Dependency is a fundamental concept in the analysis of linguistic systems. The many if-then statements offered in typology and grammar-writing imply a casually real notion of dependency that is central to the claim being made—usually with reference to widely varying timescales and types of processes. But despite the importance of the concept of dependency in our work, its nature is seldom defined or made explicit.
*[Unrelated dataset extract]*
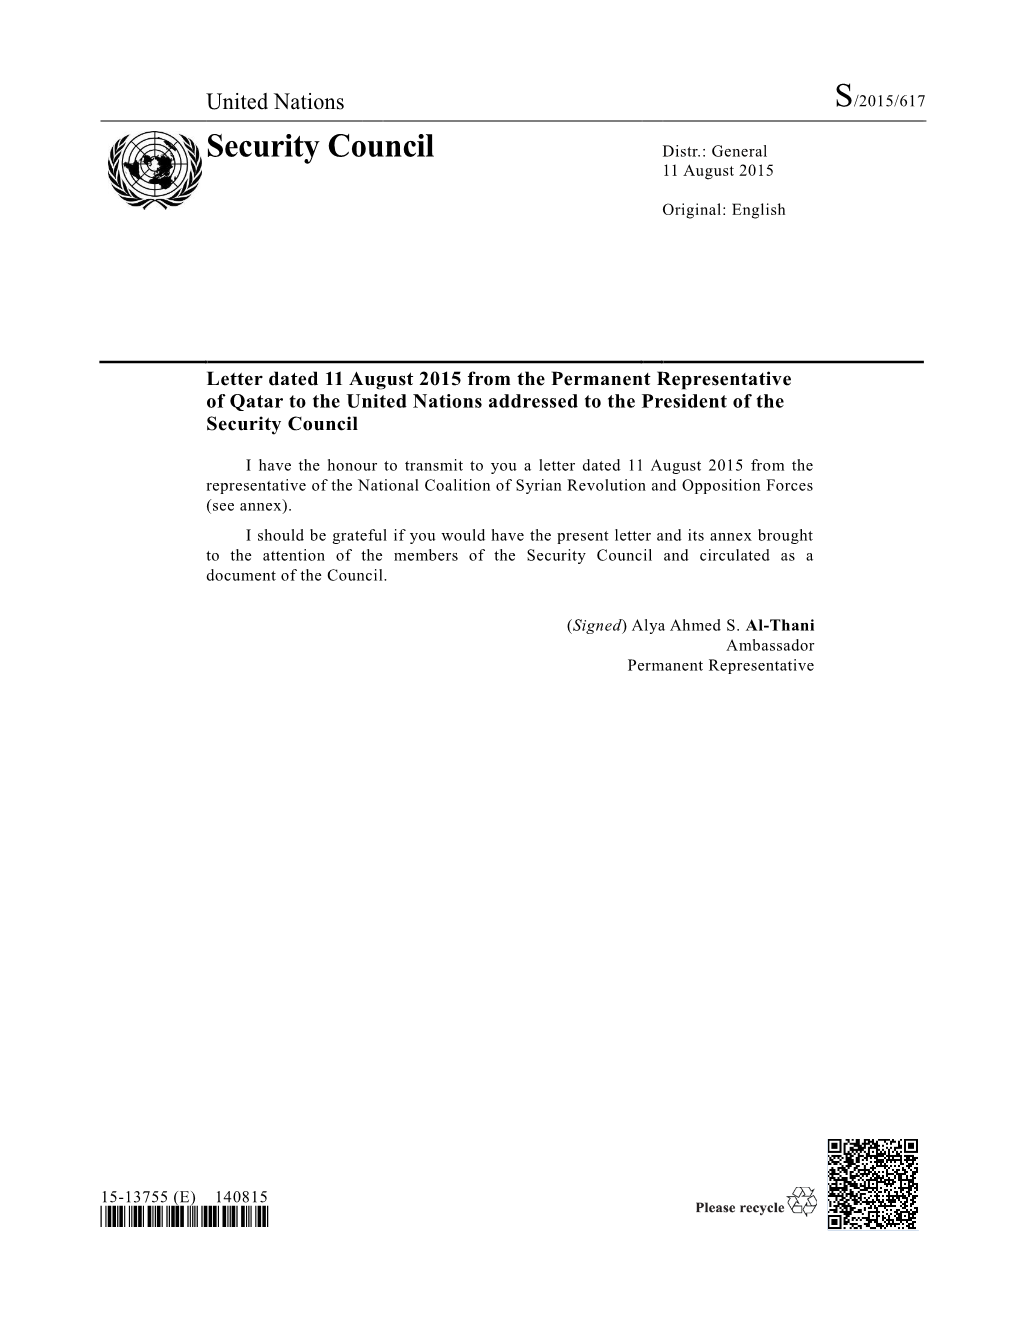 Security Council Distr.: General 11 August 2015

This book brings together experts on language, representing descriptive linguistics, language typology, functional/cognitive linguistics, cognitive science, research on gesture and other semiotic systems, developmental psychology, psycholinguistics, and linguistic anthropology to address the following question: What kinds of dependencies exist among language-related systems, and how do we define and explain them in natural, causal terms?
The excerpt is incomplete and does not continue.